══ Information shown ══

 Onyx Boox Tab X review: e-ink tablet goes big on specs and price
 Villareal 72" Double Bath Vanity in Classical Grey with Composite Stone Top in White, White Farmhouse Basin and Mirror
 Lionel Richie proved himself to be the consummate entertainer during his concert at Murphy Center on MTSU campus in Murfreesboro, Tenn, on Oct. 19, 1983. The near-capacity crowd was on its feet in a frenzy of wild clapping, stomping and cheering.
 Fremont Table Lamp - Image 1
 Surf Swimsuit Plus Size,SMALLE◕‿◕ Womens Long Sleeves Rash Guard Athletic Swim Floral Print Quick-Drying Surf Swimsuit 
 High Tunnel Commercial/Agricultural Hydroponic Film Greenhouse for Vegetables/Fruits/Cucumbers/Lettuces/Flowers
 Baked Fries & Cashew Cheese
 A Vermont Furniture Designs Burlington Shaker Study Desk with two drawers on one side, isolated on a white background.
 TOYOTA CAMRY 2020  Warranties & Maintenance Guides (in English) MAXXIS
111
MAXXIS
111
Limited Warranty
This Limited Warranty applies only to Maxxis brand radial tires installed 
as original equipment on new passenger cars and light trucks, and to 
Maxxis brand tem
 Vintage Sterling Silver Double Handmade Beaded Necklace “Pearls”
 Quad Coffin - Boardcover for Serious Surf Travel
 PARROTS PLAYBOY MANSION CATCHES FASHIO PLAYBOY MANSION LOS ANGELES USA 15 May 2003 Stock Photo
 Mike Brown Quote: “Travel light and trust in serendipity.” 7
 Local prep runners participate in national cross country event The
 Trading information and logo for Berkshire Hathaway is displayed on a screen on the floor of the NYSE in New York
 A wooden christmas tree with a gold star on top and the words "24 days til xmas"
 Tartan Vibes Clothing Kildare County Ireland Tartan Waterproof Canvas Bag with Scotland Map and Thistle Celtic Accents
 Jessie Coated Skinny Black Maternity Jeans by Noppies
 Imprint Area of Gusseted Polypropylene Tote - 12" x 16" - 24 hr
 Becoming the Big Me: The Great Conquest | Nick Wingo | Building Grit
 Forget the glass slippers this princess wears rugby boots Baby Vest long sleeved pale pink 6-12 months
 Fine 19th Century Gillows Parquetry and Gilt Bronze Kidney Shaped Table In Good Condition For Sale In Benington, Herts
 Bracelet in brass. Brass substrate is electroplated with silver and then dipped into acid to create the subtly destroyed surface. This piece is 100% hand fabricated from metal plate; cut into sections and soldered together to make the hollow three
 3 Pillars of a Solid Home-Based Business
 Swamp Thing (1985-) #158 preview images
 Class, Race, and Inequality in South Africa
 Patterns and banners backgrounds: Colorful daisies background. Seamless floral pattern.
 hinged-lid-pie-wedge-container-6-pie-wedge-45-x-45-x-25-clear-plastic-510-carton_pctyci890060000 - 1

═══

# [Work instruction]
Reproduce exactly the entries above, limited to the lines from the one with "TOYOTA CAMRY 2020" through the one with "Fine 19th Century", both included.

# [Your response]
 TOYOTA CAMRY 2020  Warranties & Maintenance Guides (in English) MAXXIS
111
MAXXIS
111
Limited Warranty
This Limited Warranty applies only to Maxxis brand radial tires installed 
as original equipment on new passenger cars and light trucks, and to 
Maxxis brand tem
 Vintage Sterling Silver Double Handmade Beaded Necklace “Pearls”
 Quad Coffin - Boardcover for Serious Surf Travel
 PARROTS PLAYBOY MANSION CATCHES FASHIO PLAYBOY MANSION LOS ANGELES USA 15 May 2003 Stock Photo
 Mike Brown Quote: “Travel light and trust in serendipity.” 7
 Local prep runners participate in national cross country event The
 Trading information and logo for Berkshire Hathaway is displayed on a screen on the floor of the NYSE in New York
 A wooden christmas tree with a gold star on top and the words "24 days til xmas"
 Tartan Vibes Clothing Kildare County Ireland Tartan Waterproof Canvas Bag with Scotland Map and Thistle Celtic Accents
 Jessie Coated Skinny Black Maternity Jeans by Noppies
 Imprint Area of Gusseted Polypropylene Tote - 12" x 16" - 24 hr
 Becoming the Big Me: The Great Conquest | Nick Wingo | Building Grit
 Forget the glass slippers this princess wears rugby boots Baby Vest long sleeved pale pink 6-12 months
 Fine 19th Century Gillows Parquetry and Gilt Bronze Kidney Shaped Table In Good Condition For Sale In Benington, Herts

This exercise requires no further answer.